The Commission on Elections disqualified Junan Arenasa, Pablo Dorinio and Eliseo Tumulak for being "nuisance candidates".

Philippine House of Representatives election at Cebu City's 1st district
| Party |  | Candidate | Votes | % |
|---|---|---|---|---|
|  | Liberal | Raul del Mar | 133,149 | 67.84 |
|  | UNA | Annabelle Rama-Gutierrez | 35,716 | 18.20 |
|  | Independent | Marlo Maamo | 7,092 | 3.61 |
|  | Independent | Florencio Villarin | 1,558 | 0.79 |
|  | Independent | Don Navarro | 442 | 0.23 |
|  | Independent | Junex Doronio | 353 | 0.18 |
|  | Independent | Vic Manalac | 287 | 0.15 |
| Margin of victory |  |  | 97,433 | 49.65% |
| Invalid or blank votes |  |  | 11,662 | 5.94 |
| Total votes |  |  | 196,259 | 100.00 |
|  | Liberal hold |  |  |  |

====2nd District====
Incumbent Tomas Osmeña ran for mayor against incumbent Cebu City mayor Mike Rama.
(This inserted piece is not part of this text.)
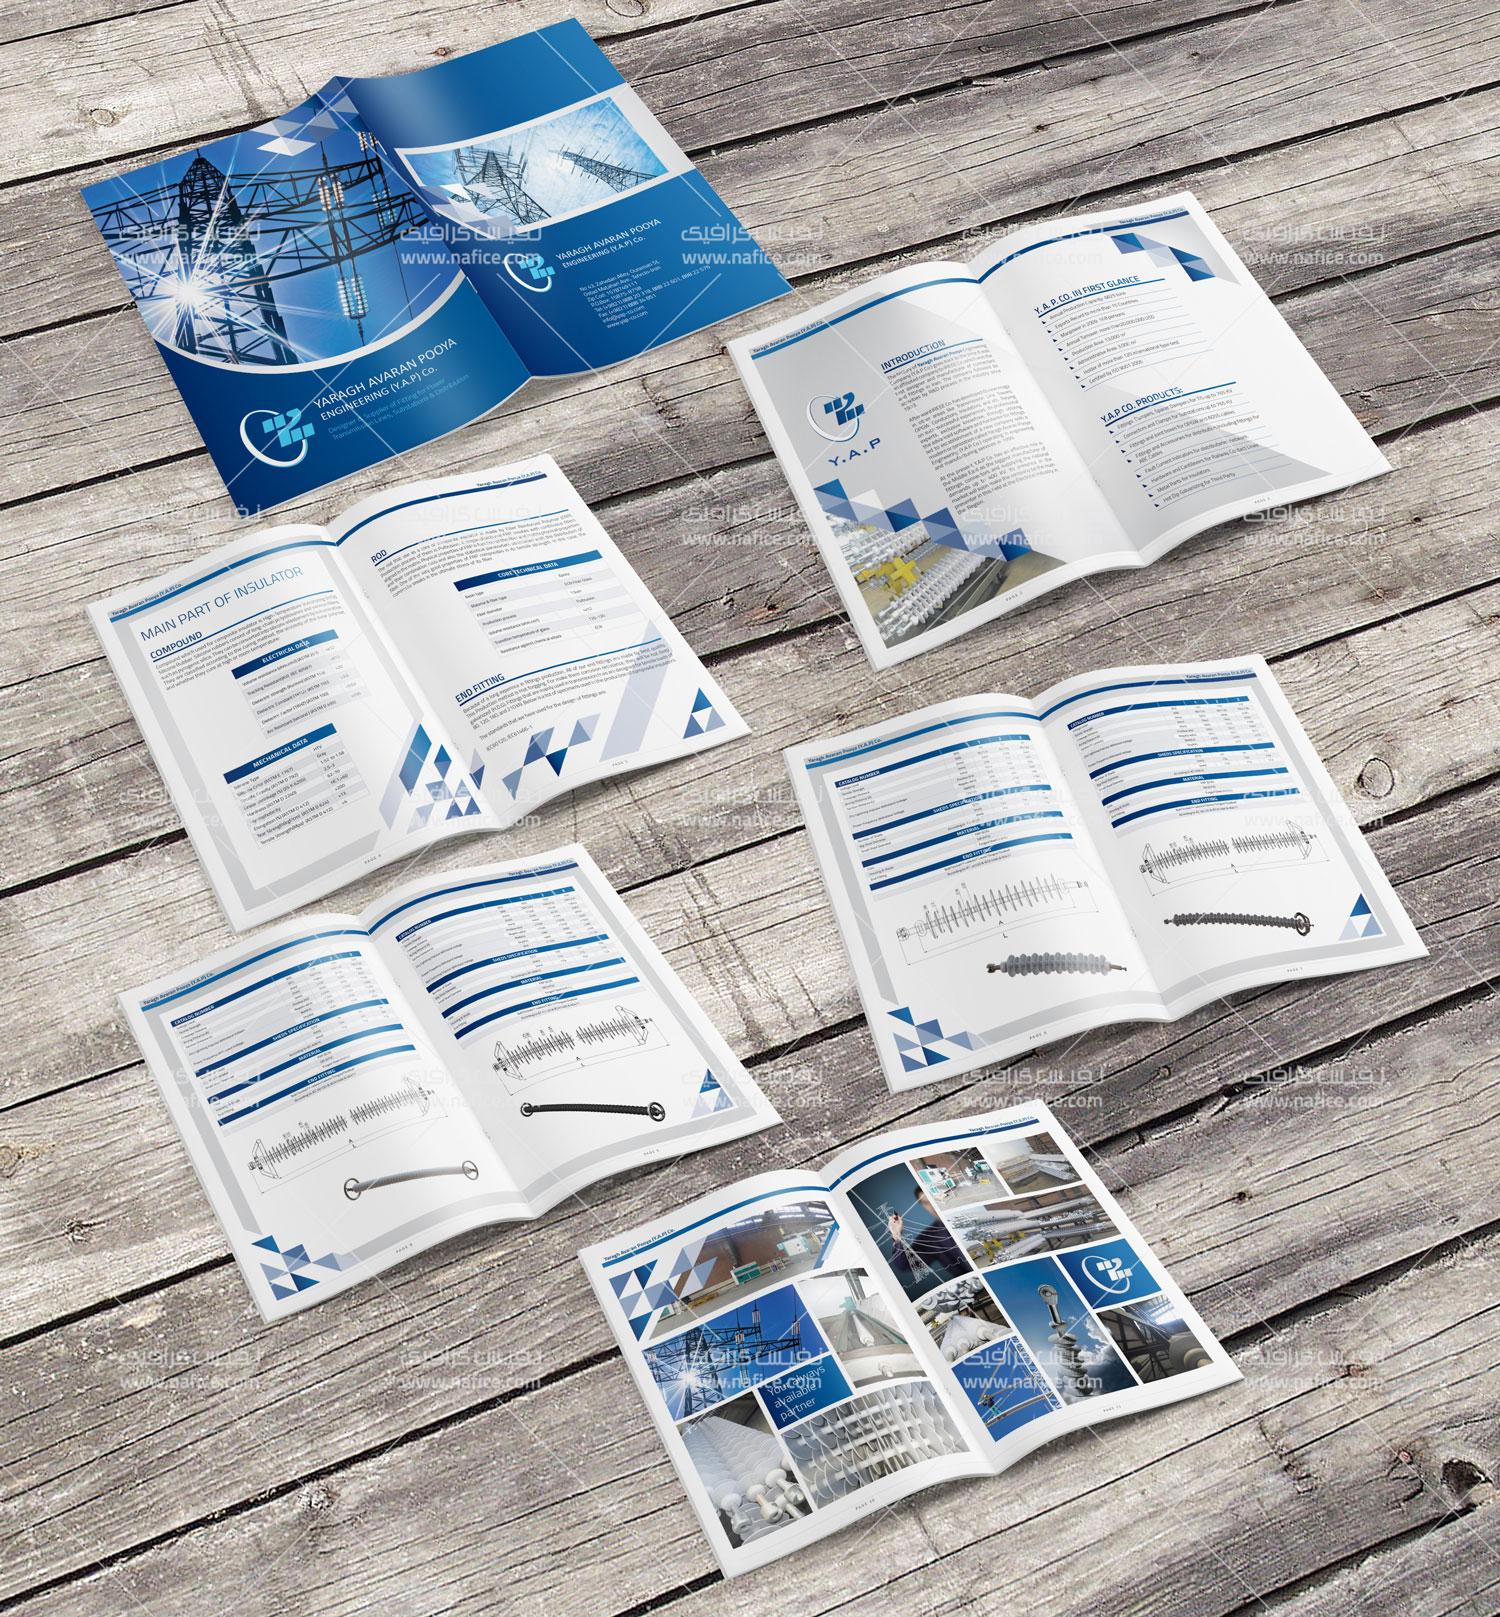 چاپ و طراحی کاتالوگ شرکت مهندسی یراق آوران پویا -  -

His party nominated Rodrigo Abellanosa for the South District congressional post.

Philippine House of Representatives election at Cebu City's 2nd district
| Party |  | Candidate | Votes | % |
|---|---|---|---|---|
|  | Liberal | Rodrigo Abellanosa | 123,757 | 50.90 |
|  | UNA | Aristotle Batuhan | 99,073 | 40.75 |
| Margin of victory |  |  | 24,684 | 10.15% |
| Invalid or blank votes |  |  | 20,311 | 8.35 |
| Total votes |  |  | 243,141 | 100.00 |
|  | Liberal hold |  |  |  |

==Lapu-Lapu City==

Incumbent Arturo Radaza did not run; his daughter Aileen Radaza was the party's nominee.
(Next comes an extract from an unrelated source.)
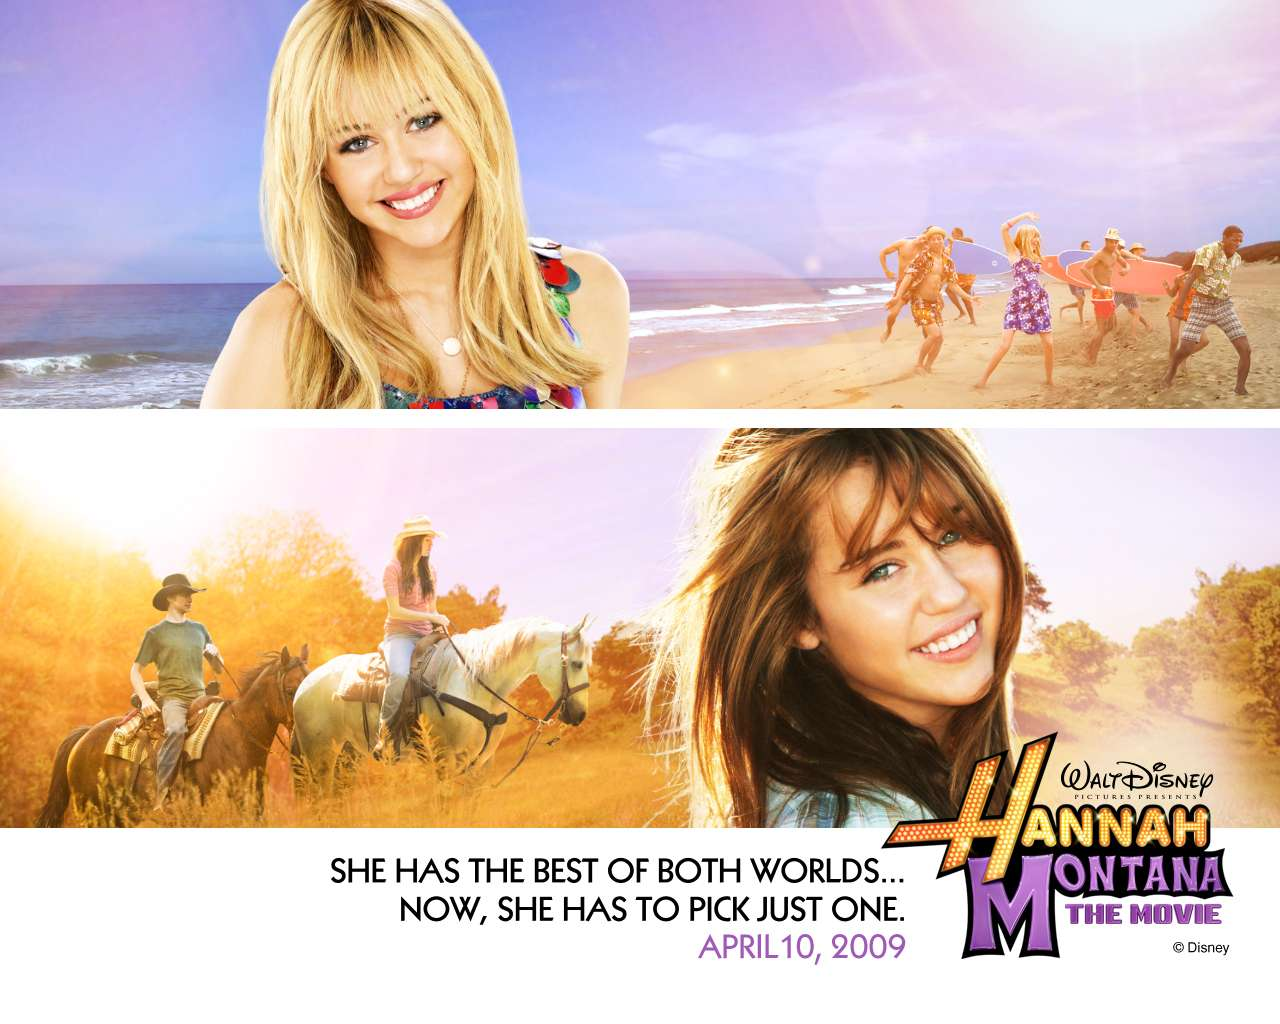 2009 hannah montana the movie wallpaper 001 Pop it, lock it, polka dot it

Philippine House of Representatives election at Lapu-Lapu City
| Party |  | Candidate | Votes | % |
|---|---|---|---|---|
|  | Lakas–Kampi | Aileen Radaza | 60,602 | 44.77 |
|  | Liberal | Angel Rodriguez | 31,630 | 24.72 |
|  | Independent | Remegio Oyao | 14,375 | 11.33 |
| Margin of victory |  |  | 28,972 | 22.84% |
| Invalid or blank votes |  |  | 20,255 | 15.97 |
| Total votes |  |  | 126,862 | 100.00 |
|  | Lakas hold |  |  |  |

==Negros Oriental==
Each of Negros Oriental's three legislative districts elected representatives to the House of Representatives. The candidates with the highest number of votes won the seats.

===1st District===
Incumbent Jocelyn Sy-Limkaichong was on her second term but she decided to run for governor instead. The ruling Liberal Party nominated her brother-in-law, former Land Transportation Franchising and Regulatory Board board member Manuel Iway, as its nominee.
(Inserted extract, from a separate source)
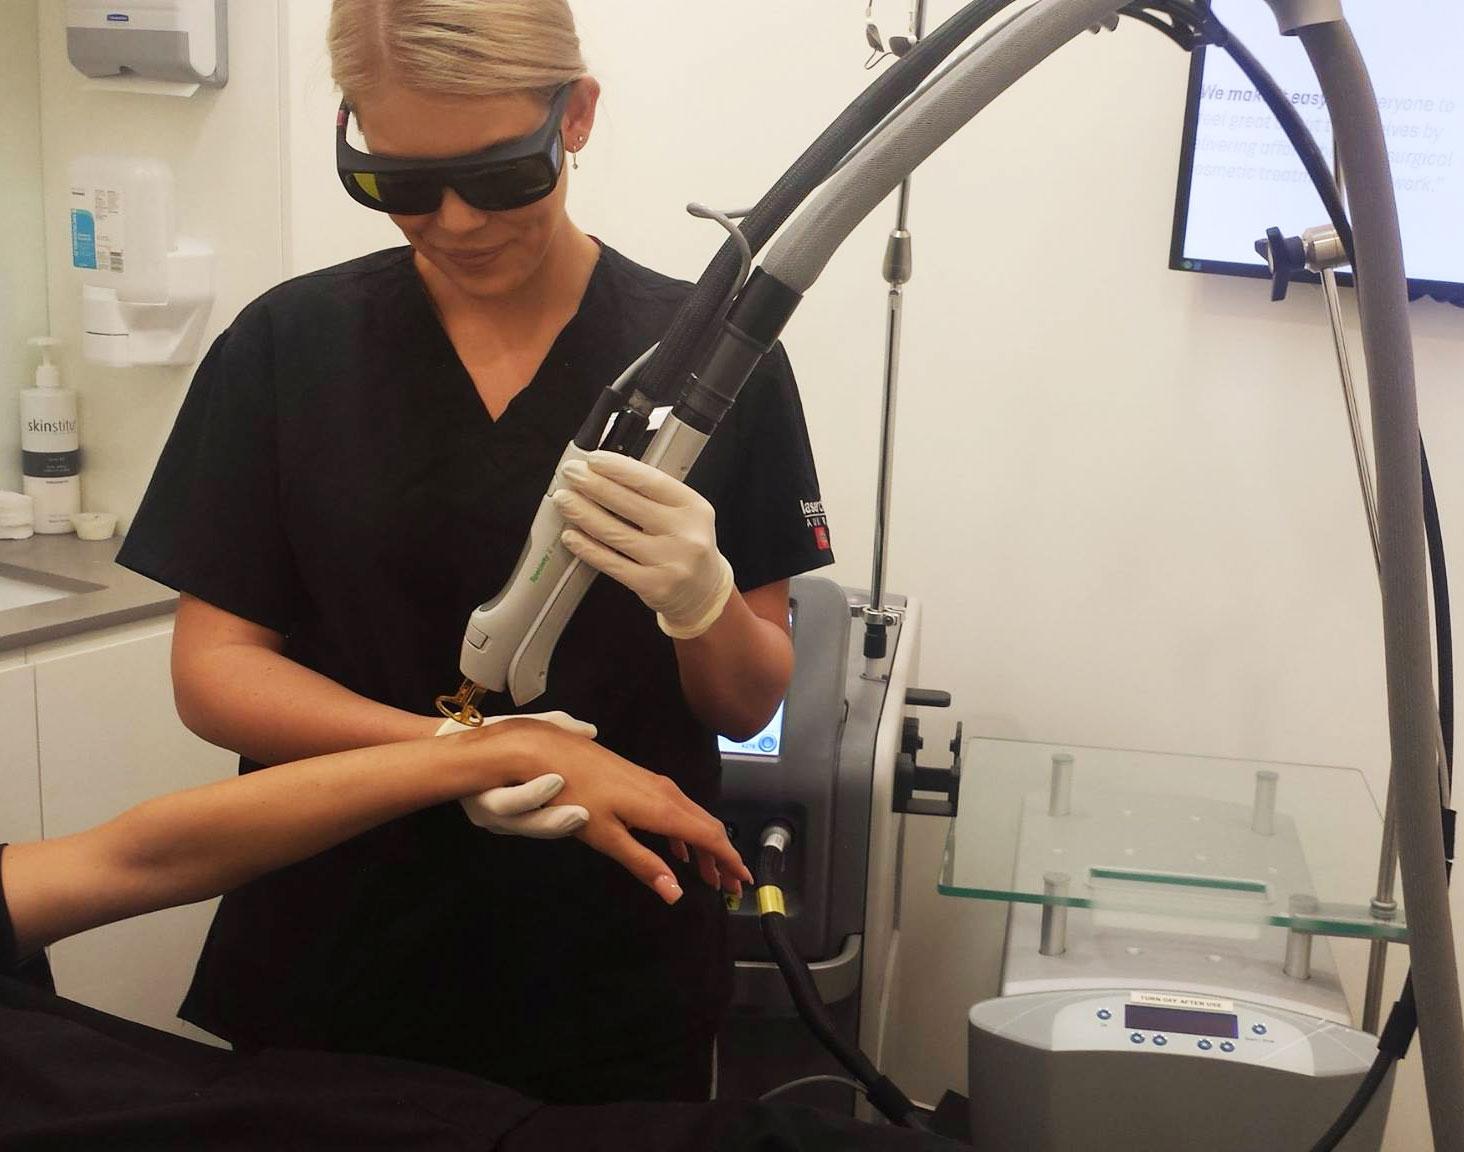 Beauty Roadtest : Laser Clinics Australia - HerCanberra com au

Philippine House of Representatives election at Negros Oriental's 1st district
| Party |  | Candidate | Votes | % |
|---|---|---|---|---|
|  | Liberal | Manuel Iway | 67,880 | 49.15 |
|  | NPC | Jerome Paras | 66,072 | 47.84 |
|  | Independent | Lowell Andaya | 3,399 | 2.46 |
|  | Independent | Danilo Roble | 755 | 0.55 |
| Margin of victory |  |  | 1,808 | 1.31% |
| Total votes |  |  | 138,106 | 100.00 |
|  | Liberal hold |  |  |  |

===2nd District===
George P. Arnaiz was the incumbent. His primary opponent was Bais mayor Karen Villanueva.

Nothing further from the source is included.